Work item - All of the data, word for word and free of pictures, is the expected result.

(Given data begins)

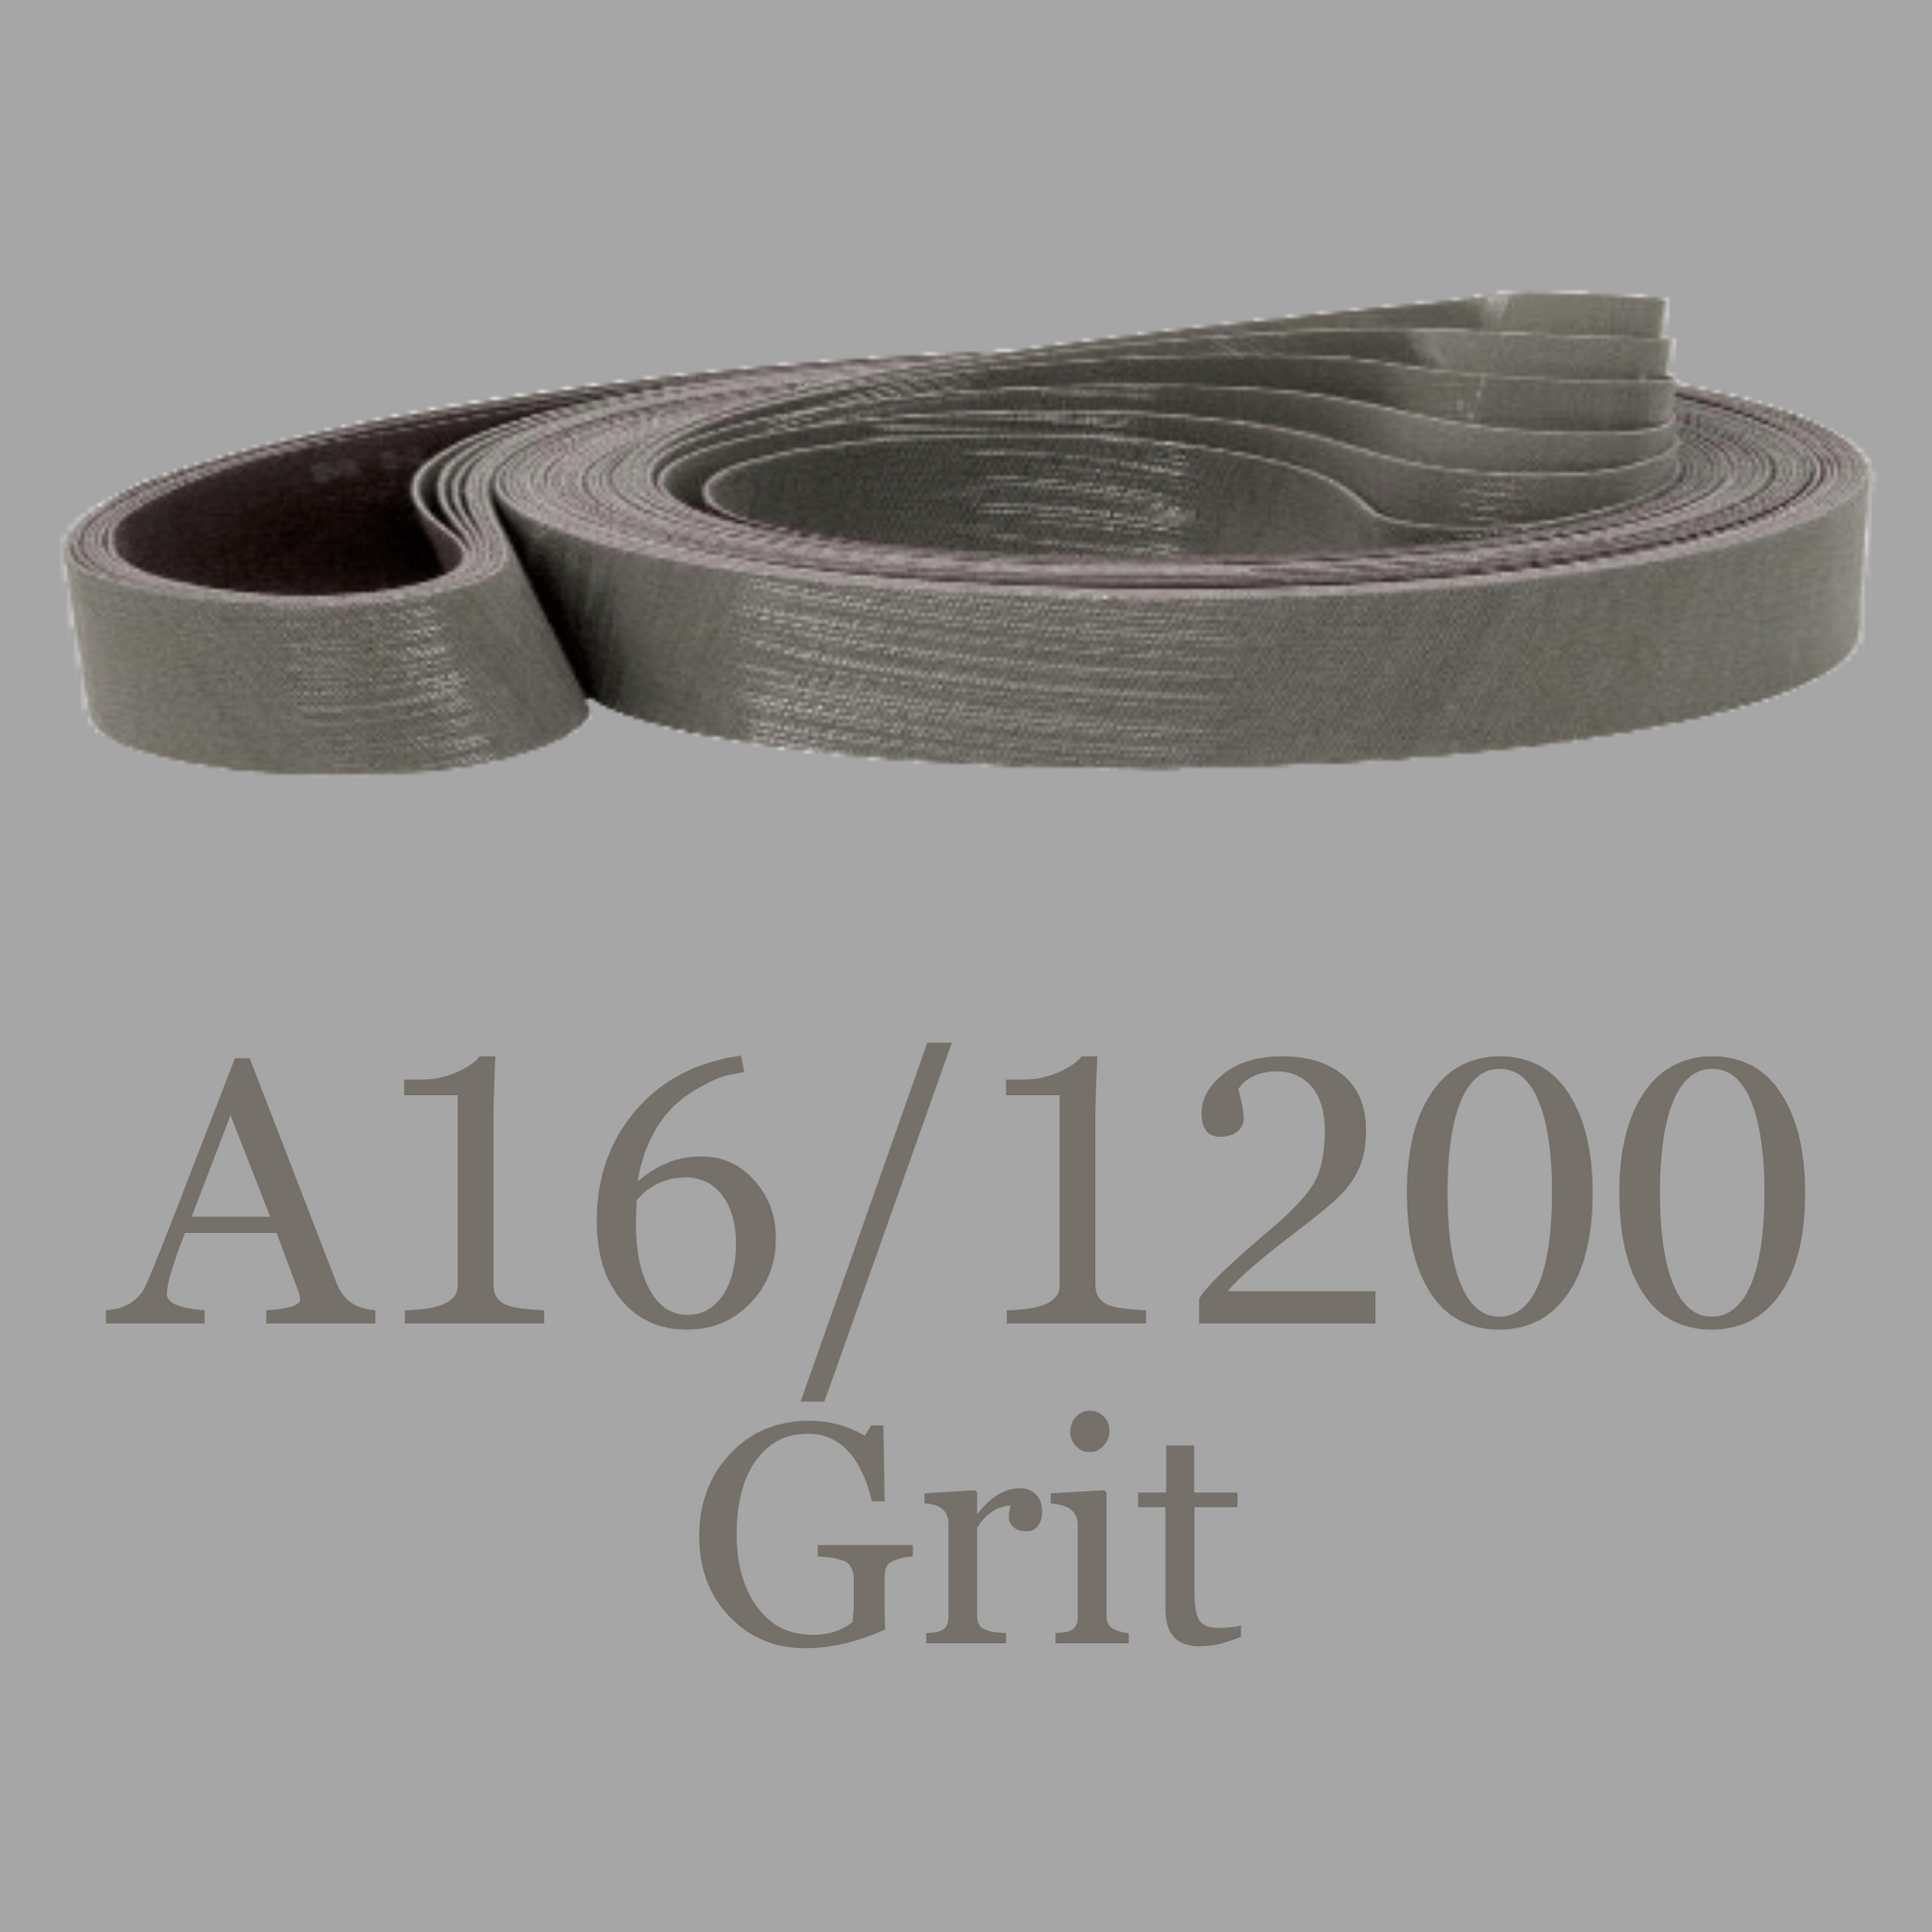 2” x 72” Trizact 307EA Gator Belts A16 or 1200 Grit
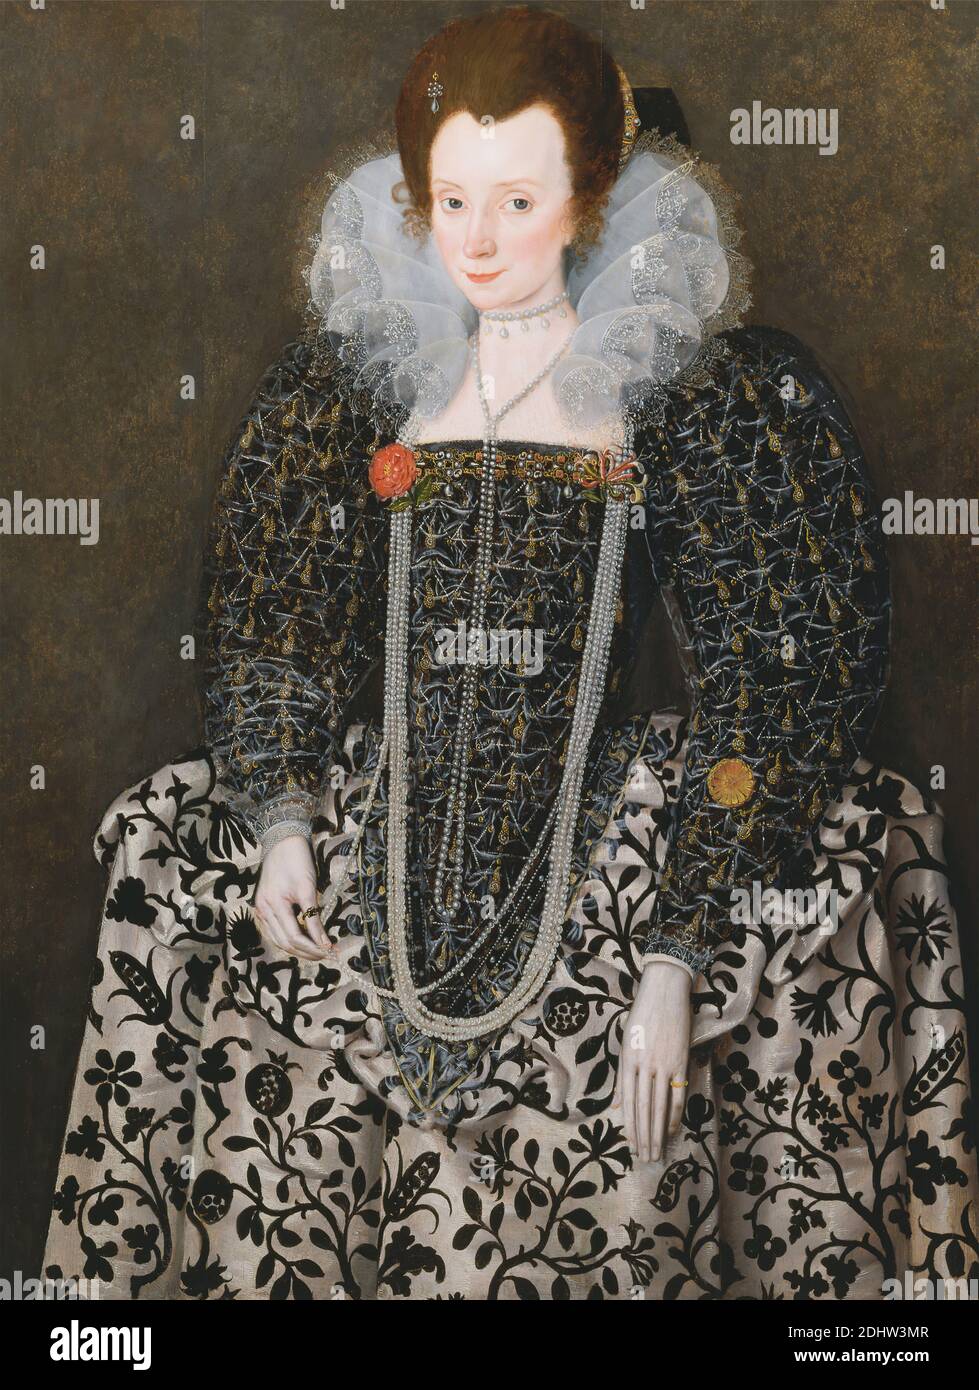 Ritratto di una donna, tradizionalmente identificata come Mary Clopton (nata Waldegrave), di Kentwell Hall, Suffolk, Robert Peake il Vecchio, ca. 1551–1619, inglese, precedentemente attribuito a Marcus Gheeraerts il giovane, 1561–1635, fiammingo, attivo in Gran Bretagna (dal 1568), ca. 1600, olio su pannello, supporto (PTG): 44 3/4 x 34 3/4 pollici (113.7 x 88.3 cm), mais, costume, elisabettiano, perle, melograno, ritratto, rose (pianta), Tudor, donna Foto Stock
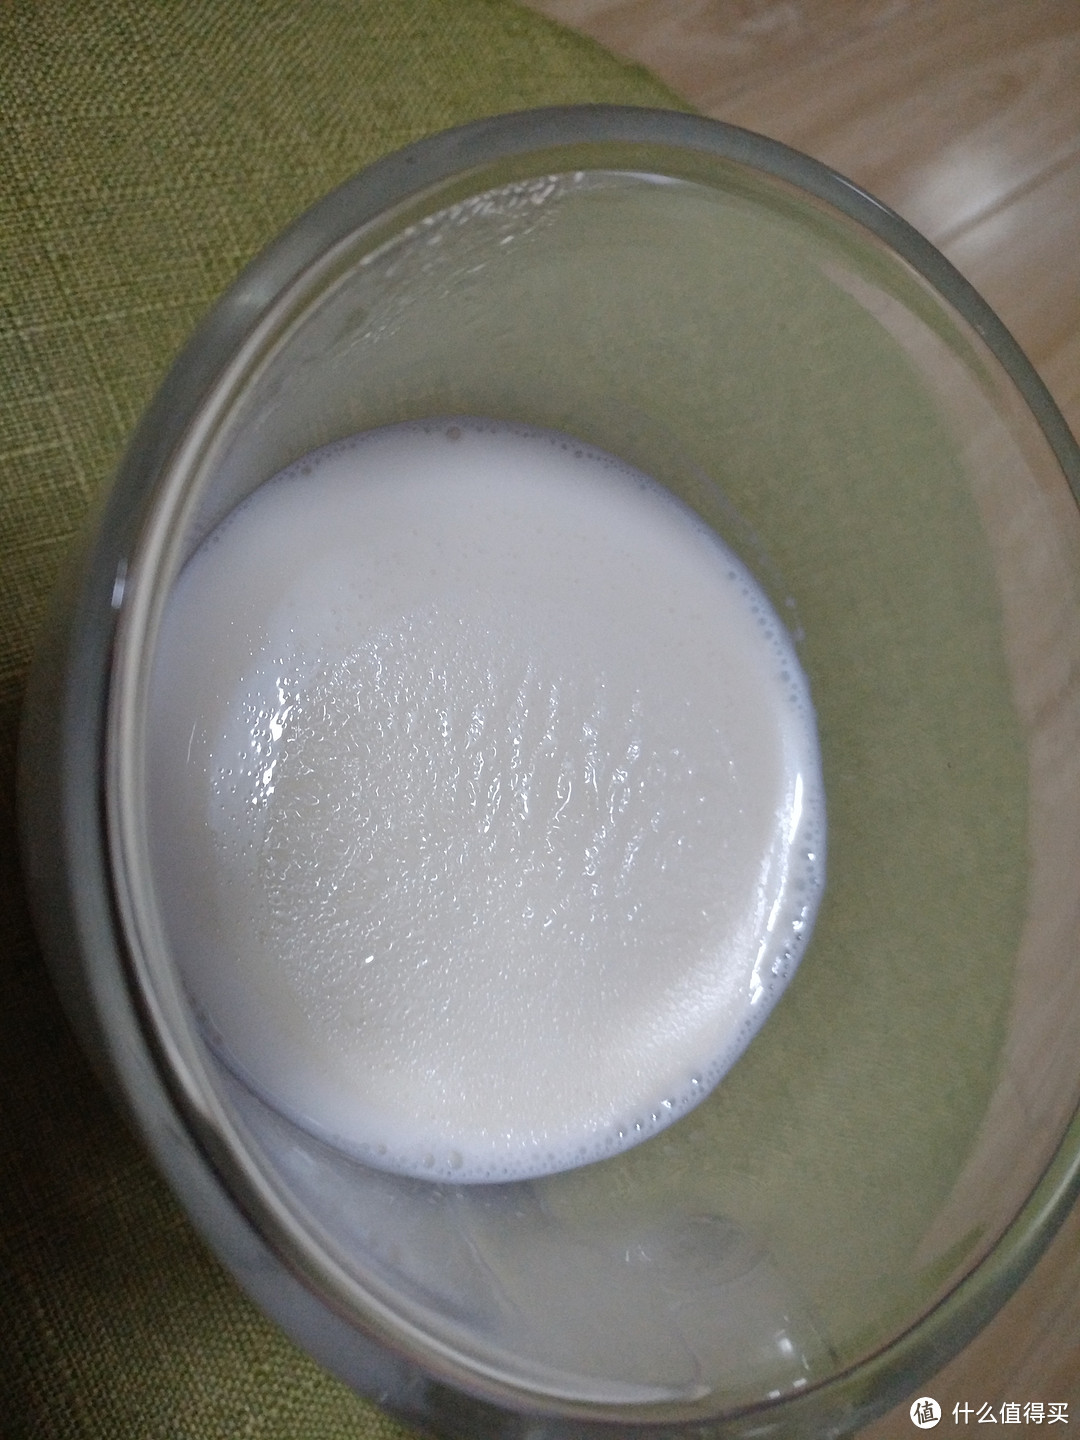 喝了不拉肚子的新西兰牛奶——Perfectlands柏菲兰 新西兰纯牛奶评测

(Given data ends)

Reply -
 2” x 72” Trizact 307EA Gator Belts A16 or 1200 Grit
 Ritratto di una donna, tradizionalmente identificata come Mary Clopton (nata Waldegrave), di Kentwell Hall, Suffolk, Robert Peake il Vecchio, ca. 1551–1619, inglese, precedentemente attribuito a Marcus Gheeraerts il giovane, 1561–1635, fiammingo, attivo in Gran Bretagna (dal 1568), ca. 1600, olio su pannello, supporto (PTG): 44 3/4 x 34 3/4 pollici (113.7 x 88.3 cm), mais, costume, elisabettiano, perle, melograno, ritratto, rose (pianta), Tudor, donna Foto Stock
 喝了不拉肚子的新西兰牛奶——Perfectlands柏菲兰 新西兰纯牛奶评测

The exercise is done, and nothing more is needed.